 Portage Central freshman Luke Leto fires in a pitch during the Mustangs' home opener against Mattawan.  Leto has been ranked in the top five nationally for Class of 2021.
****************
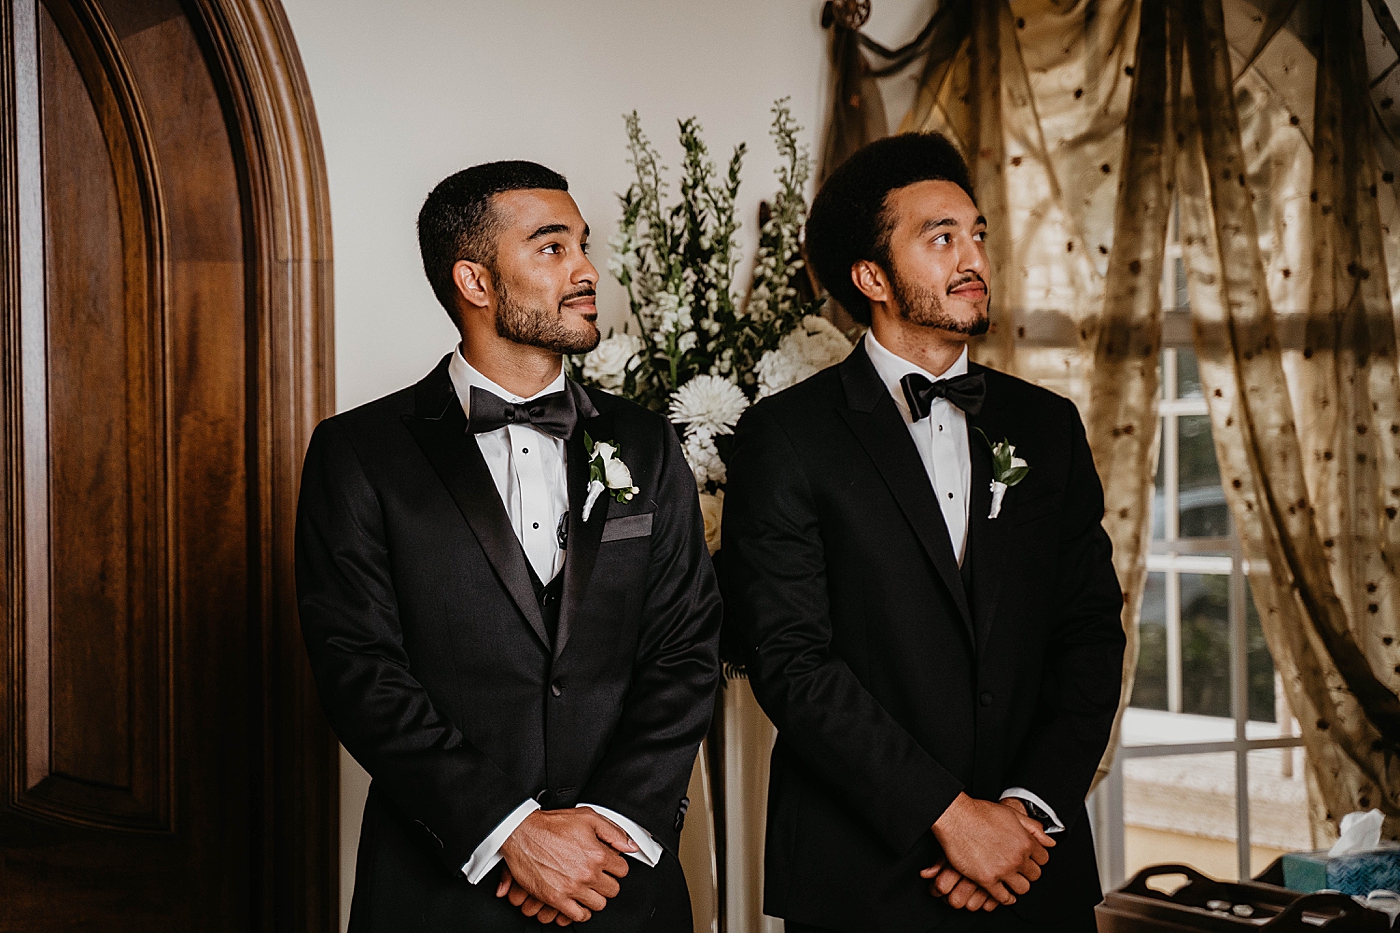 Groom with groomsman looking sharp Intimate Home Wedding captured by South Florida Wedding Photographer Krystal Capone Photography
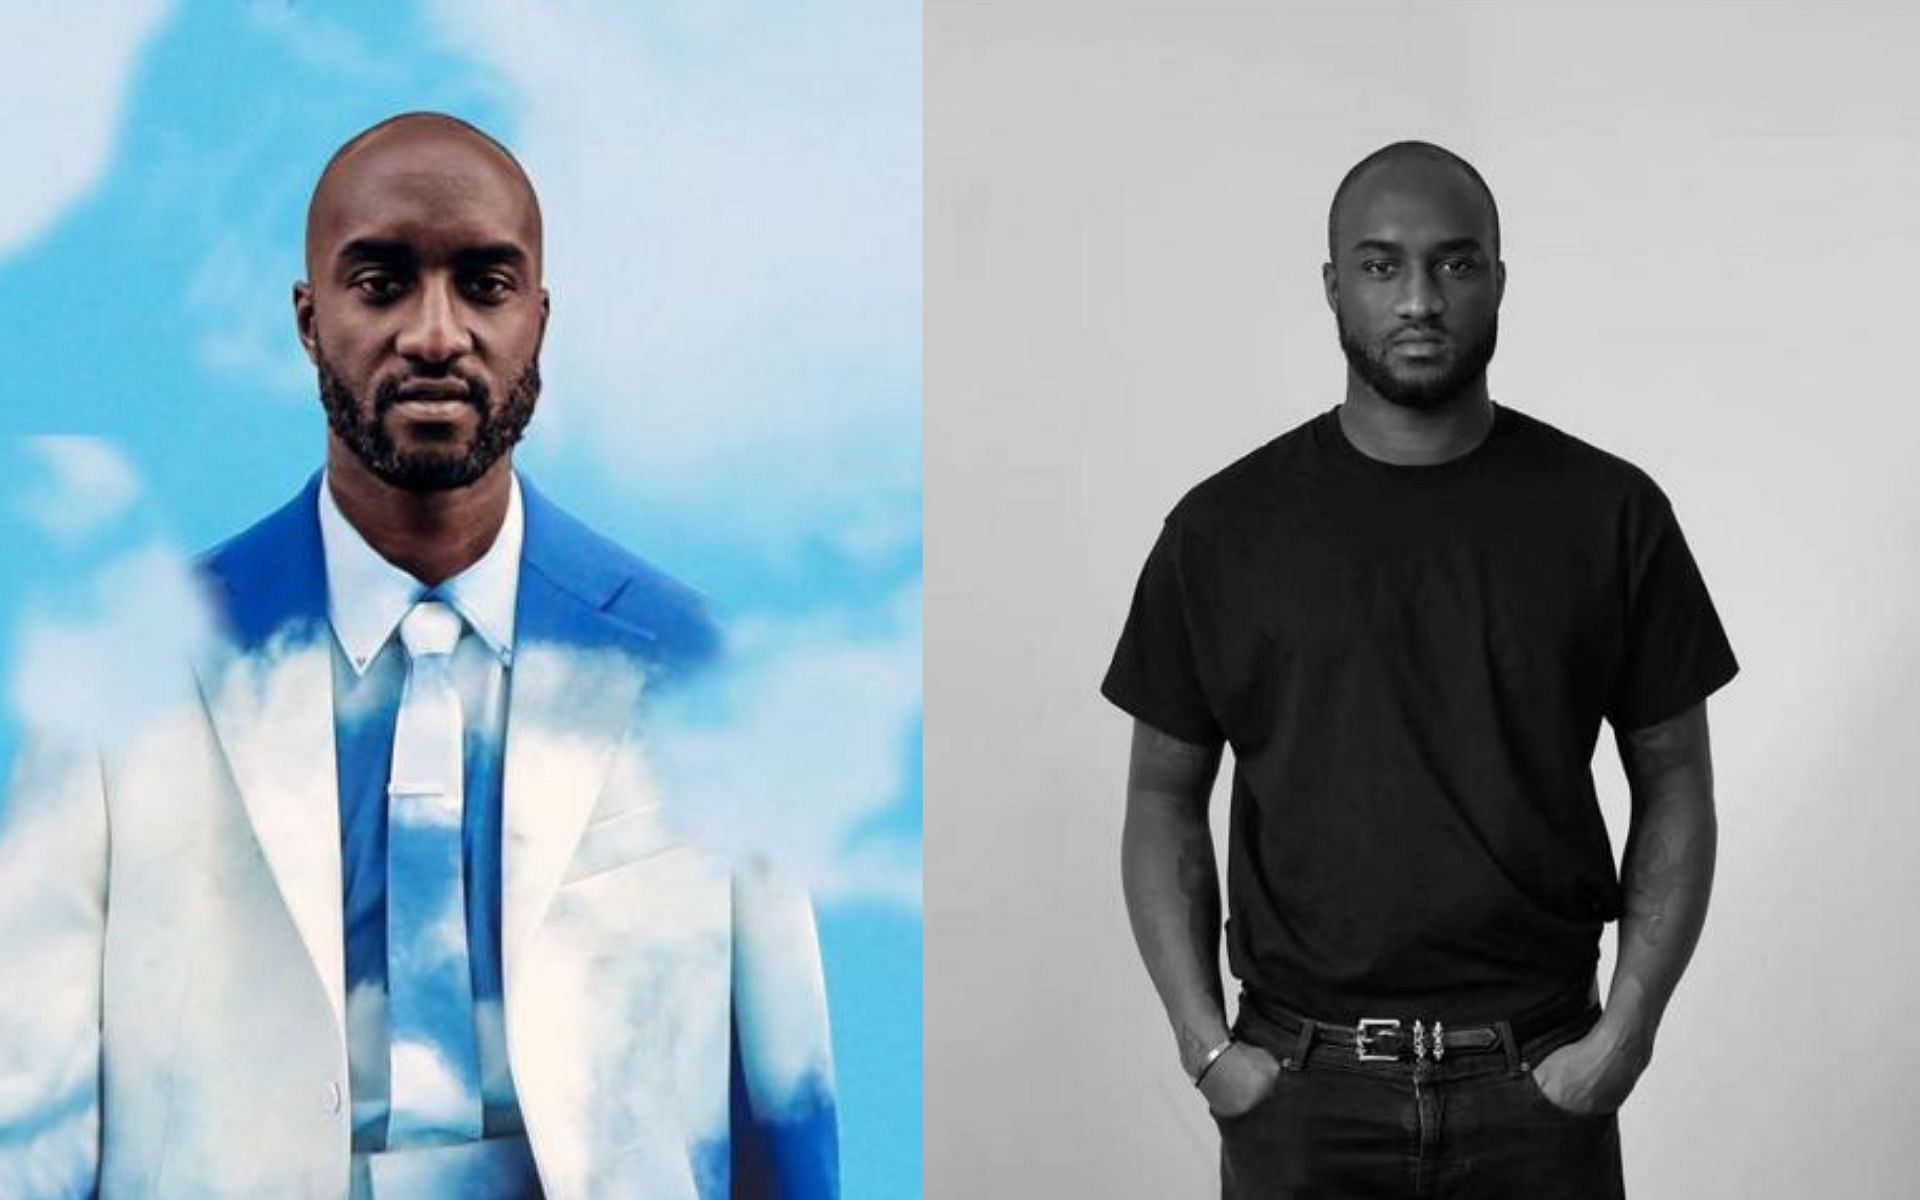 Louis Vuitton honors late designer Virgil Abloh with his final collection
****************
Using the listing above, reproduce word for word every line from the one containing "Groom with groomsman" through the one containing "Louis Vuitton honors". Pictures must be left out.

 Groom with groomsman looking sharp Intimate Home Wedding captured by South Florida Wedding Photographer Krystal Capone Photography
 Louis Vuitton honors late designer Virgil Abloh with his final collection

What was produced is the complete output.